**WHAT TO PRODUCE**
Using the material below, print a verbatim copy of every line from the one containing "Making a Beef" through the one containing "Lot pizza box", inclusive, and omit the pictures.

DATA FOR THIS EXERCISE START

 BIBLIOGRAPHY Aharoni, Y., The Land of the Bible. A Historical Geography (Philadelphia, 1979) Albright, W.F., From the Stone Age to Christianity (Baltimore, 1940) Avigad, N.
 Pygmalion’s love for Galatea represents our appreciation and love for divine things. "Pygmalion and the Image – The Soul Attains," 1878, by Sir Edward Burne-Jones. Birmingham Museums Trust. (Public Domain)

DATA FOR THIS EXERCISE END
DATA FOR THIS EXERCISE START

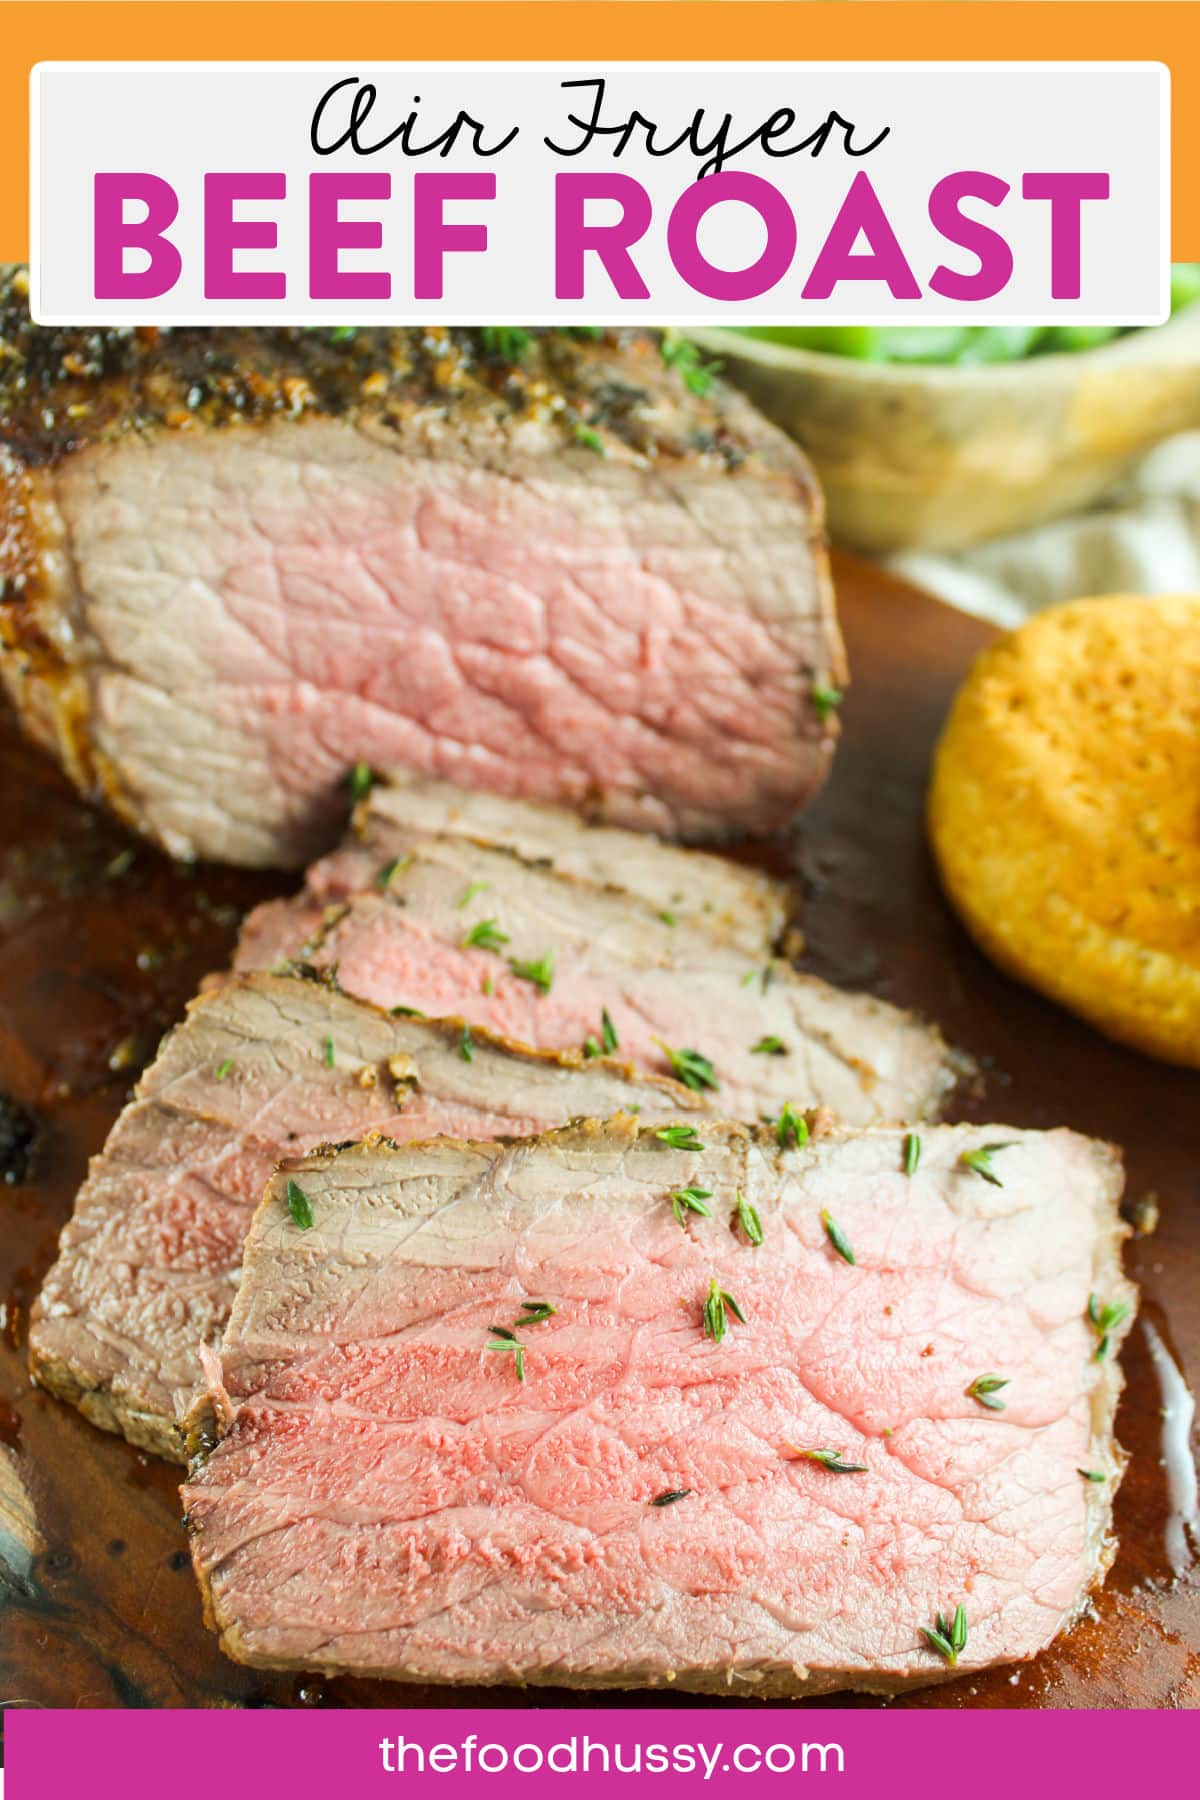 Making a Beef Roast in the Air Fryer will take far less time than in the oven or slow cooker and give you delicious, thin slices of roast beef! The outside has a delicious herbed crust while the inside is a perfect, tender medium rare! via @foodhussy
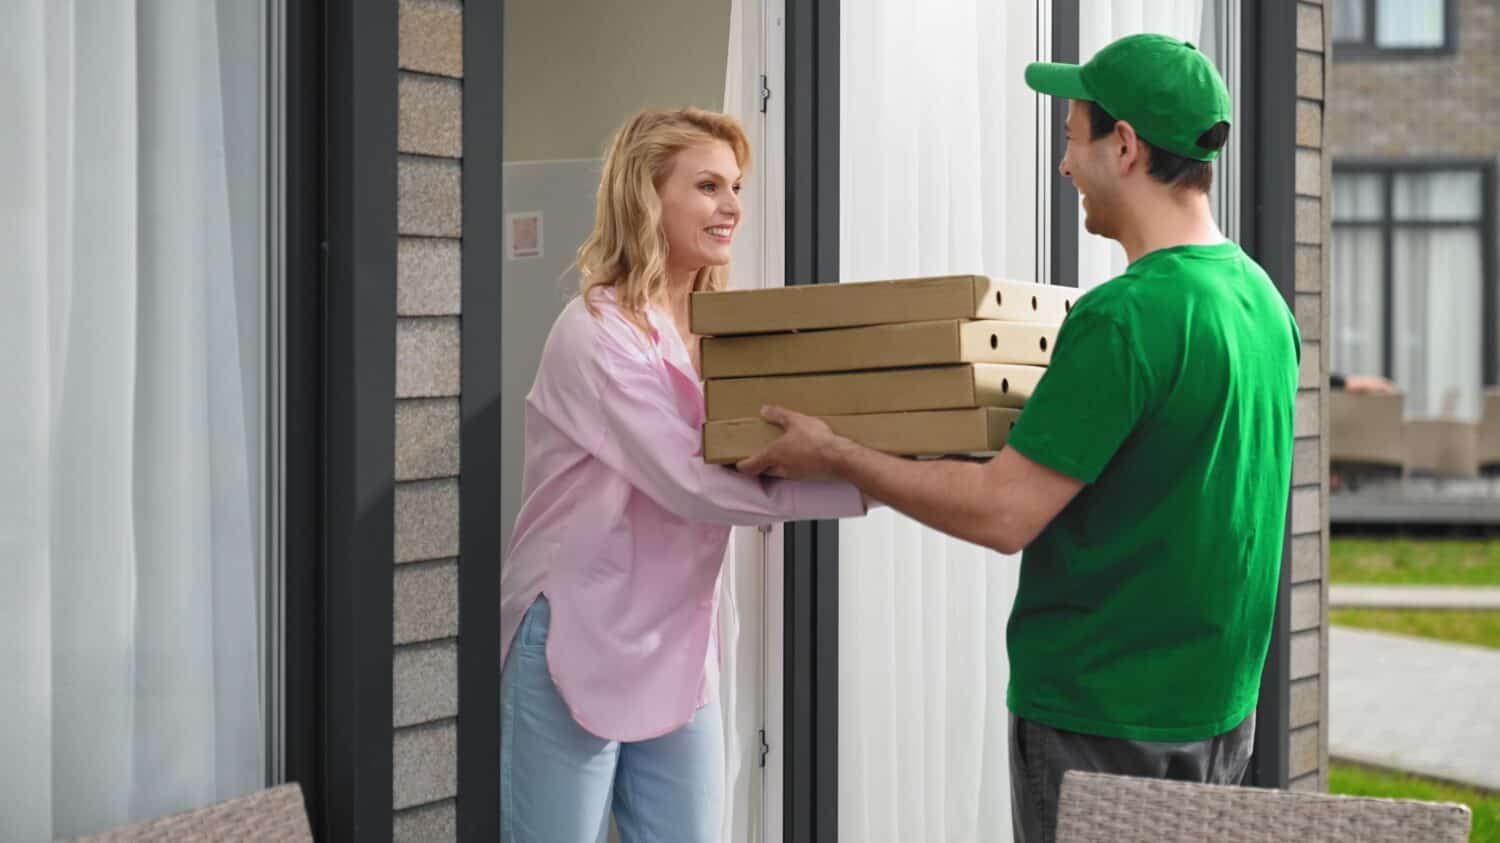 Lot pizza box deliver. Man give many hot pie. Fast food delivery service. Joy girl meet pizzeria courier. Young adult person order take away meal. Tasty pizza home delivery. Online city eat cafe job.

DATA FOR THIS EXERCISE END

**WRITTEN ANSWER**
 Making a Beef Roast in the Air Fryer will take far less time than in the oven or slow cooker and give you delicious, thin slices of roast beef! The outside has a delicious herbed crust while the inside is a perfect, tender medium rare! via @foodhussy
 Lot pizza box deliver. Man give many hot pie. Fast food delivery service. Joy girl meet pizzeria courier. Young adult person order take away meal. Tasty pizza home delivery. Online city eat cafe job.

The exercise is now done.